Vittorio Feltri per "il Giornale"
Ieri, mentre leggevo l'intervista su Raul Gardini rilasciata da Antonio Di Pietro ad Aldo Cazzullo per il Corriere della sera , la memoria, non troppo arrugginita, mi ha restituito ricordi abbastanza nitidi sulle 36 ore che precedettero il suicidio dell'imprenditore,risalente alla mattina del 23 luglio 1993, vent'anni orsono, in piena buriana di Tangentopoli.

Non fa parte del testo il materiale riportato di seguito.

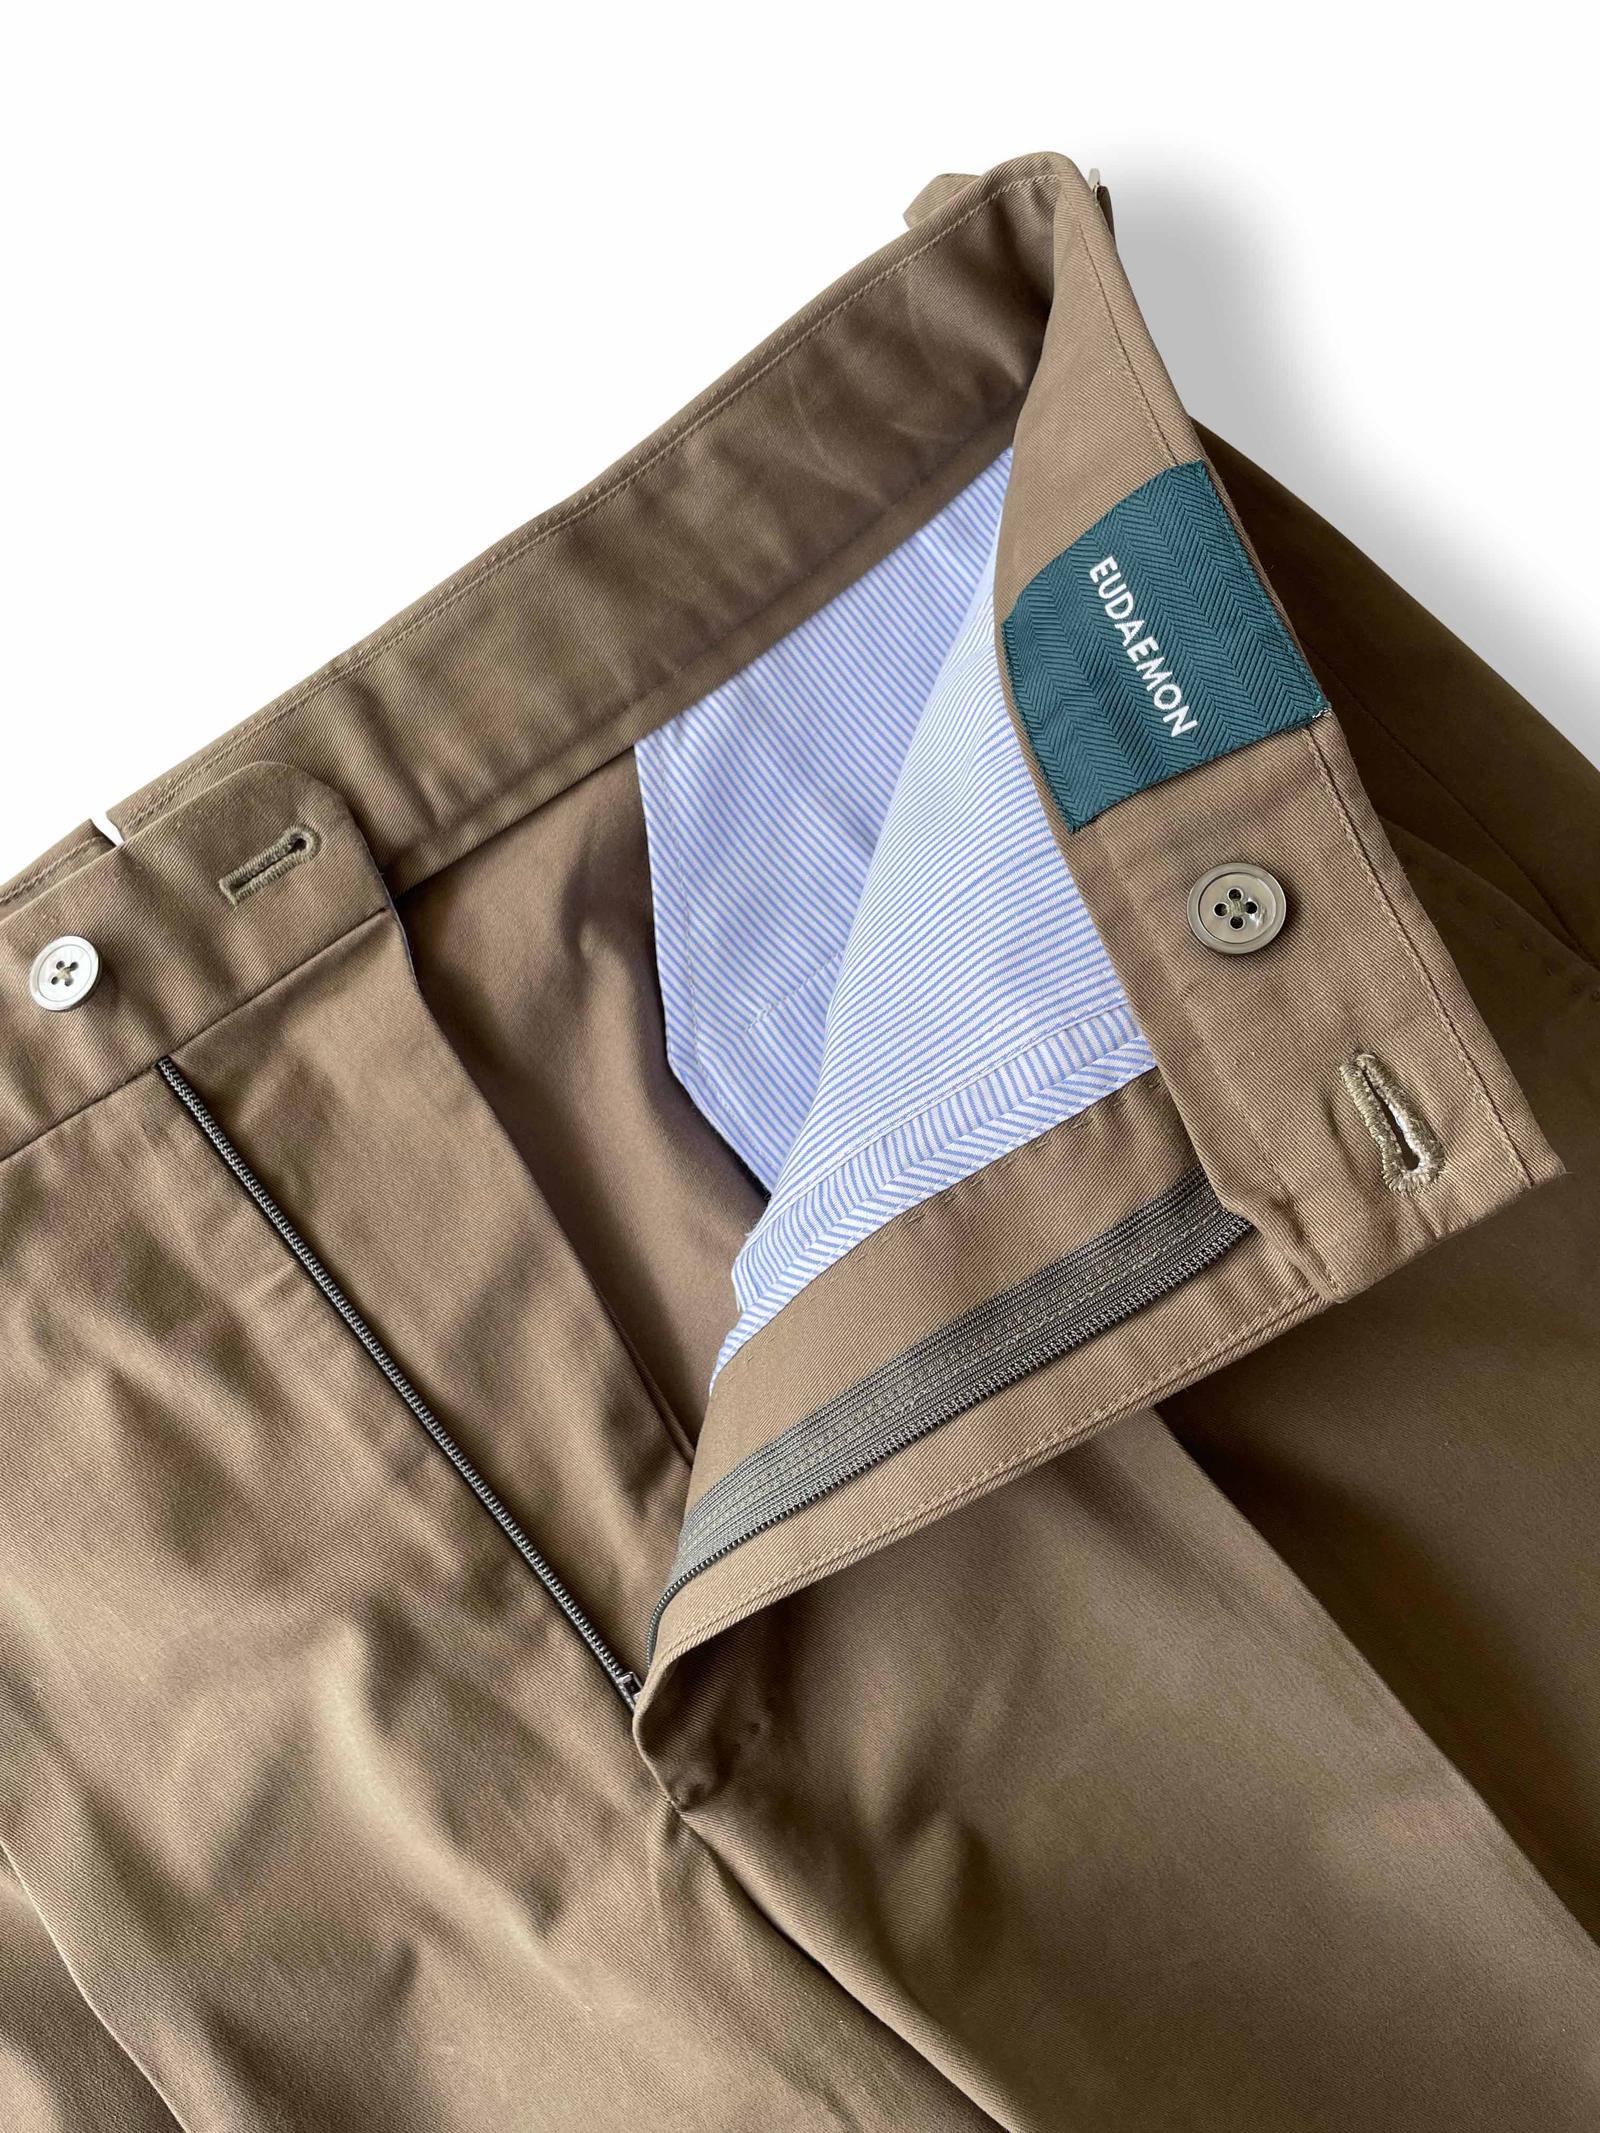 Worko Shorts - Brown Cotton
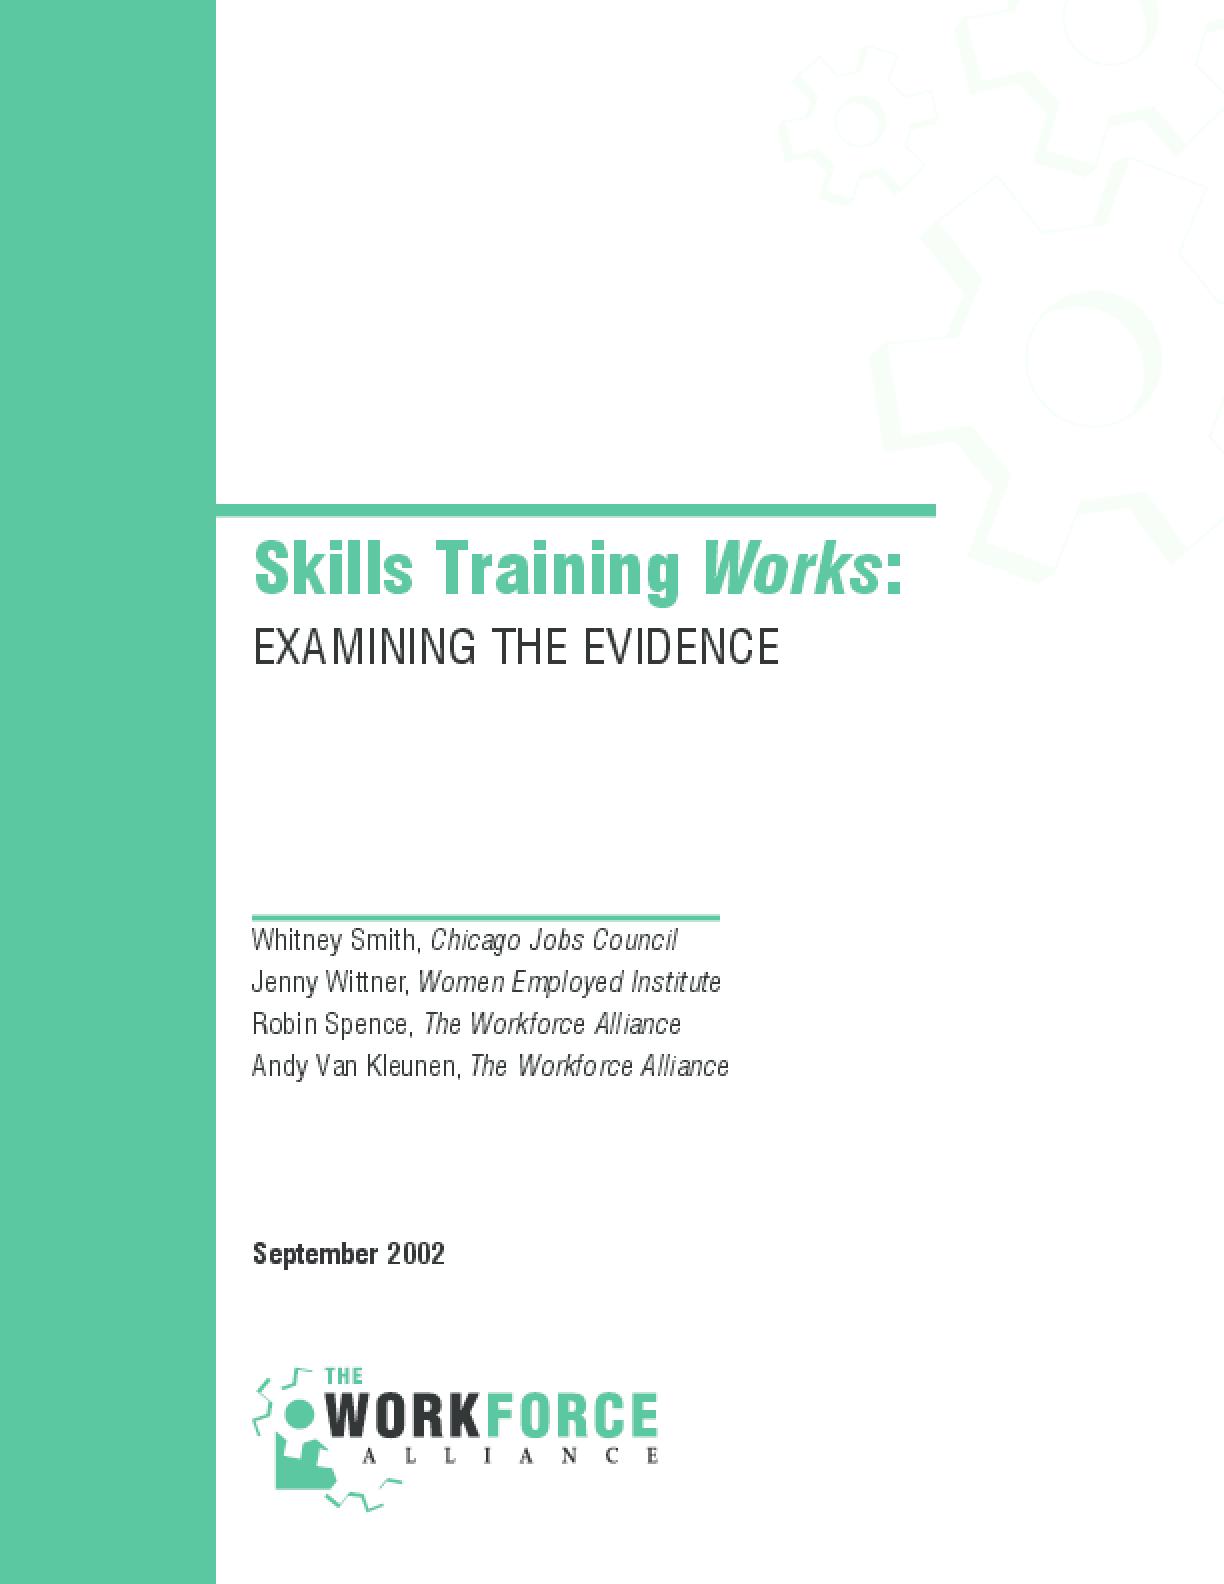 Skills Training Works: Examining the Evidence

Spiego perché. La sera del 21 luglio cenai con lui nella sua casa di piazza Belgioioso (vicino a piazza Meda, dove c'è il Disco dello scultore Arnaldo Pomodoro). Ignoravo e ancora ignoro il motivo per il quale mi avesse invitato. Fui sorpreso, ma accettai la sua proposta senza pormi problemi: non volevo essere scortese con un uomo che, oltretutto, era stato fra gli azionisti del giornale che dirigevo a quel tempo, L'Indipendente, quotidiano dedito alla narrazione dei fatti prodromici alla caduta della Prima Repubblica.

Trascorsi alcuni minuti, il magnate si appalesò: abito grigio antracite, capelli bianchi, espressione severa. Dopo i soliti convenevoli- stretta di mano, come sta?, bene grazie, e lei?- si sedette di fronte a me, ma aprì bocca soltanto per ordinare al cameriere di servire l'aperitivo: champagne Veuve Clicquot.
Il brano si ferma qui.